Türkiye'nin siyasi tarihinde önemli bir yere sahip olan Alparslan Türkeş, 4 Nisan 1997 tarihinde aramızdan ayrıldı. 28 yıl önce kaybettiğimiz bu büyük lider, Türk milliyetçiliğinin simgelerinden biri olarak akıllarda yer edinmiş ve siyasi yaşamı boyunca büyük etkiler yaratmıştır. Bugün, Alparslan Türkeş'in vefatının üzerinden geçen yıllarda, onun düşünceleri ve mirası hakkında yeniden düşünme ve tartışma fırsatımız var.
Alparslan Türkeş, 1917 yılında Kıbrıs'ın Lefkoşa şehrinde dünyaya gelmiştir. Eğitimine Türkiye'de devam eden Türkeş, askeri okulu bitirdikten sonra Türk Silahlı Kuvvetleri'nde görev almaya başlamıştır. 1940'lı yılların sonlarına doğru milliyetçi ideolojileri benimsemeye başlayan Türkeş, 1960'larda Türkiye'de milliyetçi hareketin lideri olarak tanınmaya başlamıştır. 1965 yılında kurduğu Milliyetçi Hareket Partisi (MHP), Türk milliyetçiliğinin siyasi alanda temsilcisi haline gelmiştir. Türkeş, partinin liderliğini üstlenerek Türkiye'nin siyasi gündeminde önemli bir figür olmuştur.
Alparslan Türkeş, 4 Nisan 1997 tarihinde, hastalık nedeniyle hayata gözlerini yumdu. Vefatından sonra milyonlarca seveni ve destekçisi, onun anısını yaşatmaya devam etmekte ve fikirlerini takip etmektedir. Türkeş'in mezarı, Ankara'nın Huzur Parkı'nda bulunmaktadır. Her yıl, hayranları ve Türk milliyetçiliği ideolojisini benimseyenler, Alparslan Türkeş’in anısını yaşatmak için mezarı başında çeşitli etkinlikler düzenlemektedirler. Bu anma törenleri, sadece Türkeş'in hayatına ve mirasına saygı duruşu değil, aynı zamanda Türk milliyetçiliğinin günümüzdeki yansımalarını da gözler önüne sermektedir.

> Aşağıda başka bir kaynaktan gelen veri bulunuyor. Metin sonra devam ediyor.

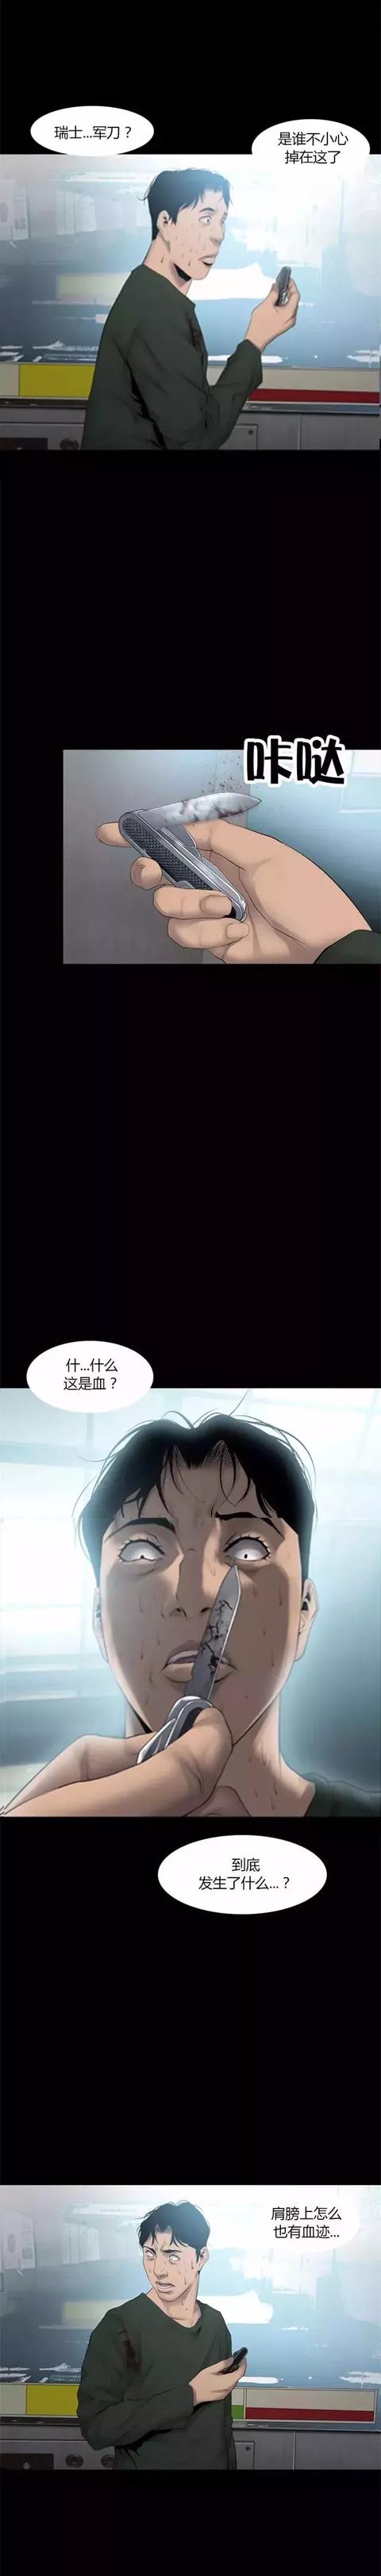 韩国午夜漫画《电梯惊魂》，真是令人作呕的死法

Alparslan Türkeş, yaşamı boyunca pek çok toplumsal ve siyasi mücadele içinde yer almış, Türk milletinin bağımsızlık ve özgürlük mücadelesini desteklemiştir. Bugün bile, onun idealleri ve düşünceleri, Türkiye'deki birçok siyasi hareketin ve partinin temelini oluşturmaktadır. Türk milletinin kimliği ve bağımsızlık duygusu üzerine yaptığı vurgular, hâlâ birçok insan için ilham kaynağı olmaya devam etmektedir.
Türkeş’in vefatı, sadece bir liderin kaybı değil, aynı zamanda bir dönemin de kapanması anlamına geliyordu. Ancak onun idealleri ve anlatımları, siyasette ve toplumsal düzlemde halen etkisini sürdürüyor. Günümüzde, Alparslan Türkeş'in mirası, yeni nesil siyasi liderler ve düşünürler tarafından yeniden gözden geçiriliyor ve yorumlanıyor. Türk milliyetçiliğinin geleceği açısından önemli olan bu tartışmalar, Türkeş'in düşüncelerinin ne denli köklü ve kalıcı olduğunu bir kez daha kanıtlamaktadır.
Alparslan Türkeş’in eserleri, yazıları ve konuşmaları, Türk milletine olan inancını ve bağlılığını açıkça göstermektedir. Milliyetçilik anlayışını yeni bir boyuta taşıyarak, toplumun her kesimine hitap etmiş ve siyasi arenada önemli bir figür olmuştur. Bugün, genç nesillerin Türkeş'in düşüncelerini anlaması ve tartışması, Türk milliyetçiliğinin geleceği açısından büyük önem taşımaktadır.
Sonuç olarak, Alparslan Türkeş'in vefatının üzerinden geçen 28 yıl, onun fikirlerinin ve değerlerinin ne denli önemli olduğunu bir kez daha gözler önüne sermektedir. Türk milletinin bağımsızlığı, onuru ve geleceği için verilen mücadelelerin sembolü haline gelen Türkeş, her daim anılacak ve düşünceleri yaşatılacaktır. Bu nedenle, onun mirası üzerine düşünmek ve tartışmak, günümüzün siyasi ve toplumsal dinamiklerini anlamak açısından büyük bir fırsat sunmaktadır.